So I suspect you may be able to rig up a testcase where memdep and isGuaranteed* end up disagreeing in a way that causes this to break.

See https://reviews.llvm.org/D21041. :)

mkazantsev added inline comments.Sep 11 2017, 12:10 AM
lib/Transforms/Scalar/GVN.cpp
2042 ↗(On Diff #114316)

Hi Eli,

I tried to use use isGuaranteedToTransferExecutionToSuccessor, and it works for my example, but another tests starts failing. The test is test7 from Transforms/GVN/PRE/volatile.ll which is:

; Does cross block PRE work with volatiles?
define i32 @test7(i1 %c, i32* noalias nocapture %p, i32* noalias nocapture %q) {
; CHECK-LABEL: test7
; CHECK-LABEL: entry.header_crit_edge:
; CHECK:       %y.pre = load i32, i32* %p
; CHECK-LABEL: skip:
; CHECK:       %y1 = load i32, i32* %p
; CHECK-LABEL: header:
; CHECK:      %y = phi i32
; CHECK-NEXT: %x = load volatile i32, i32* %q
; CHECK-NEXT: %add = sub i32 %y, %x
entry:
  br i1 %c, label %header, label %skip
skip:
  %y1 = load i32, i32* %p
  call void @use(i32 %y1)
  br label %header
header:
  %x = load volatile i32, i32* %q
  %y = load i32, i32* %p
  %add = sub i32 %y, %x
  %cnd = icmp eq i32 %add, 0
  br i1 %cnd, label %exit, label %header
exit:
  ret i32 %add
}

It now fails because this function returns false for olatile loads and stores because they are allowed to trap. This logic was added in patch https://reviews.llvm.org/D21167 and Sanjoy's comment about why we do that remained unanswered. I don't clearly understand why you've added that, could you please clarify why it was done and is it OK if this test now fails?

Thanks,
Max

We consider volatile loads and stores as potentially trapping as a courtesy to our users. Strictly speaking, it's undefined behavior in C, but people sometimes intentionally trigger SIGSEGV using volatile loads, so we don't want to cause an unrelated crash before that happens. Breaking that testcase should be fine.

Eli, i presume an updated version with isGuaranteed... should fix your testcases from 21041, right?
If so, Max, can you add them to this patch?

I think it will fix those testcases... at least, it will fix the load testcase (I don't think this patch addresses the divide-by-zero problem).

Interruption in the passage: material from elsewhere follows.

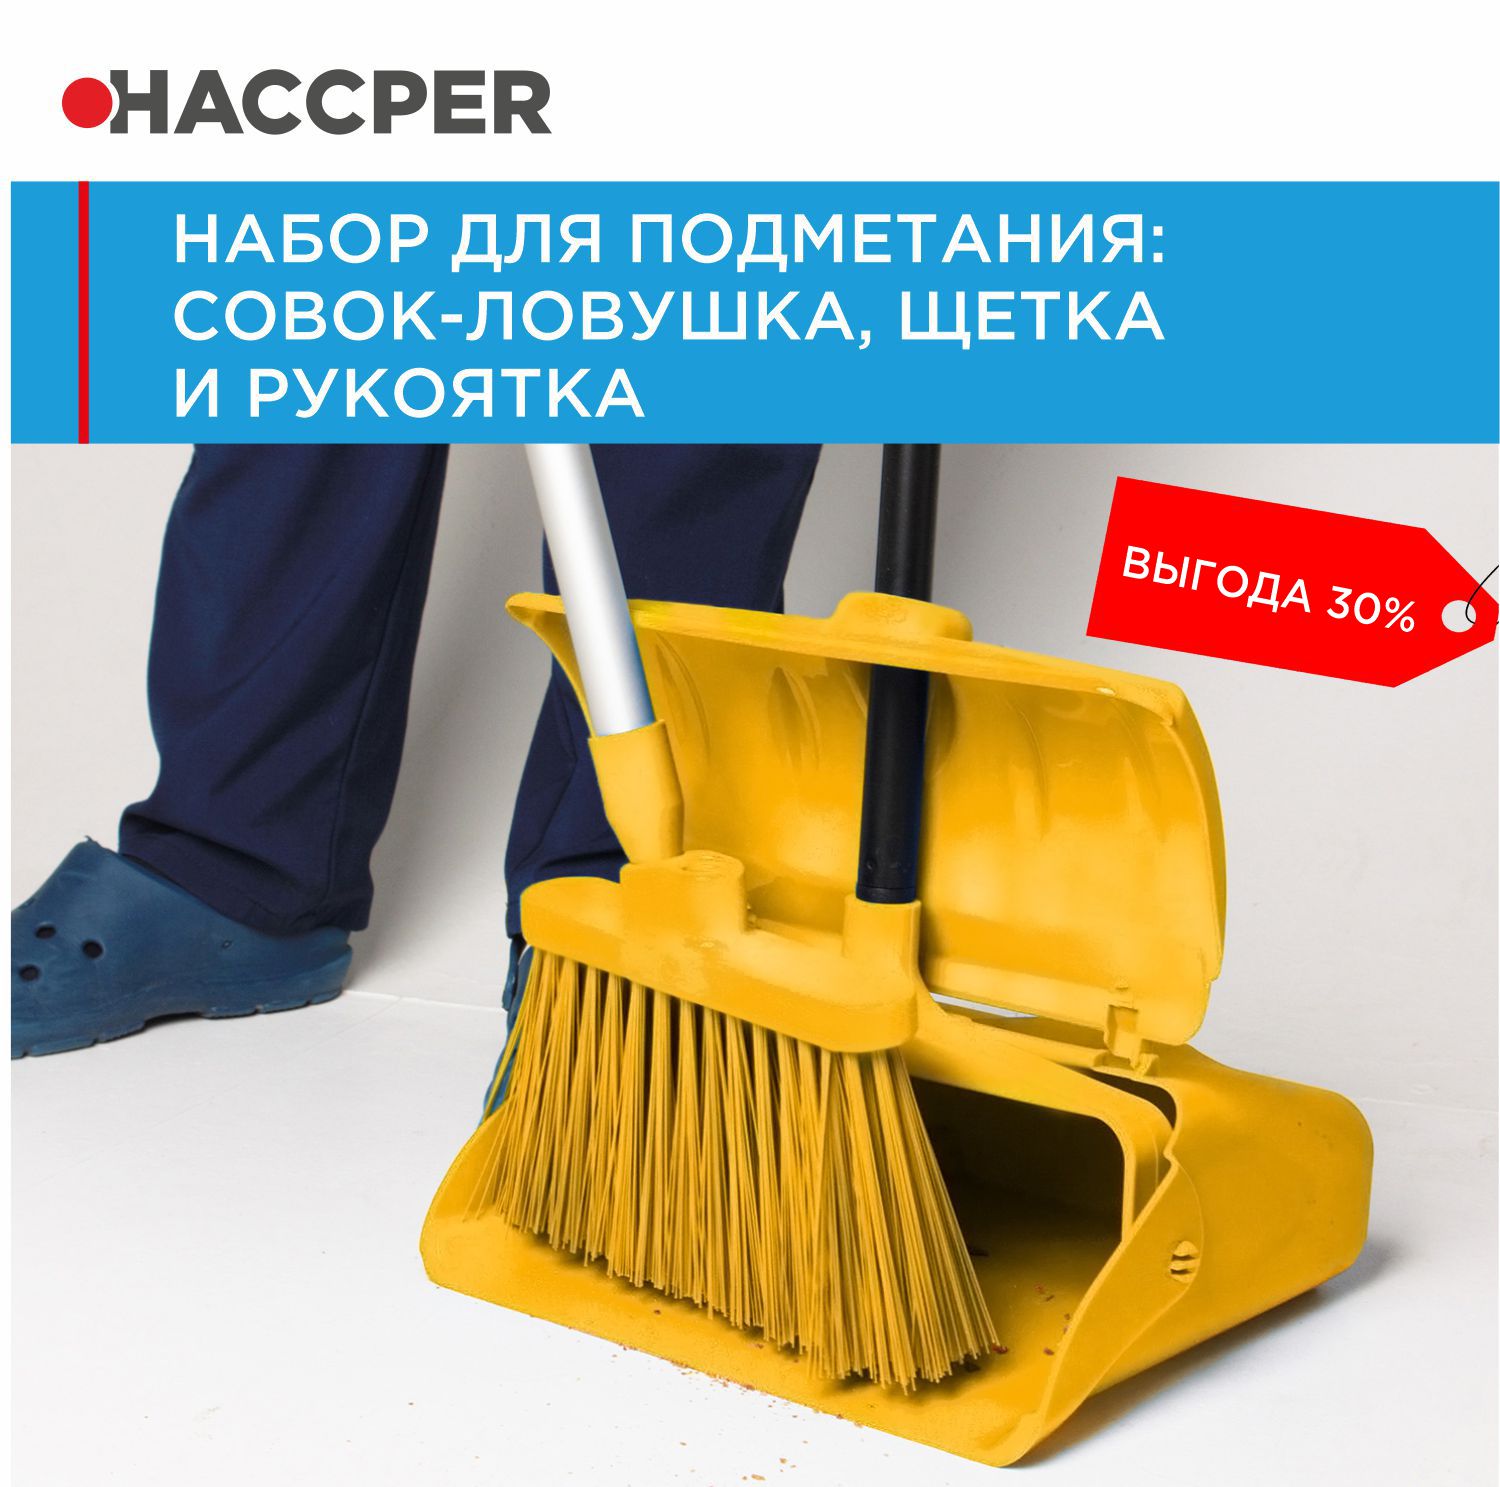 Набор для подметания HACCPER совок-ловушка, щетка и рукоятка, желтый

reames edited edge metadata.Sep 11 2017, 4:17 PM

We consider volatile loads and stores as potentially trapping as a courtesy to our users. Strictly speaking, it's undefined behavior in C, but people sometimes intentionally trigger SIGSEGV using volatile loads, so we don't want to cause an unrelated crash before that happens. Breaking that testcase should be fine.

I disagree. This would be breaking optimizations *across* a volatile load, not breaking optimizations *of* a volatile load. I think the isGuaranteedTo... scheme is probably the right one, but I think we got our semantics for that function wrong for volatile loads.

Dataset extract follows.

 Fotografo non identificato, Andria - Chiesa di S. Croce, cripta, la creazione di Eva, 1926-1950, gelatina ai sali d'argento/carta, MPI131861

Given we've not documented volatile loads as potentially trapping, I don't think we should *partially* implement that semantic. I'd actually like to have a faulting load concept in the IR, but hacking that in for volatile seems misguided.

For the moment, I'll suggest a compromise to unblock this review from the broader discussion. Can we use the isGuaranteedTo... scheme, but additionally whitelist skipping over volatile loads? That let's us make progress on this correctness issue while taking the volatile semantics discussion elsewhere.

lib/Transforms/Scalar/GVN.cpp
2049 ↗(On Diff #114316)

I'm not sure building this set in RPO is sufficient in the face of cycles. I believe the current PRE code would bail out of said cycles, but at minimum, that assumptions needs to be carefully documented and asserted for.

i.e. how do we know that BlocksWithGuards has been populated for each block we traverse backwards through?

In particular, if we extend this to isGuaranteedTo... and the scalar PRE case from https://reviews.llvm.org/D21041, it's not obvious to me this code would be correct.

The volatile load thing never really got discussed in depth, as far as I remember... I wanted to be conservative because volatile memory access can be weird, but I guess my interpretation in isGuaranteedToTransferExecutionToSuccessor() is a little suspect given the way alias analysis treats volatile operations.

The volatile load thing never really got discussed in depth, as far as I remember... I wanted to be conservative because volatile memory access can be weird, but I guess my interpretation in isGuaranteedToTransferExecutionToSuccessor() is a little suspect given the way alias analysis treats volatile operations.

I think that it would be good to revisit this. As you say, we'd also need to model this in AA (by essentially making all volatile access universally aliasing because the trap handlers could be arbitrary functions). Moreover, it would essentially mean modeling volatile loads as both reading and writing to memory.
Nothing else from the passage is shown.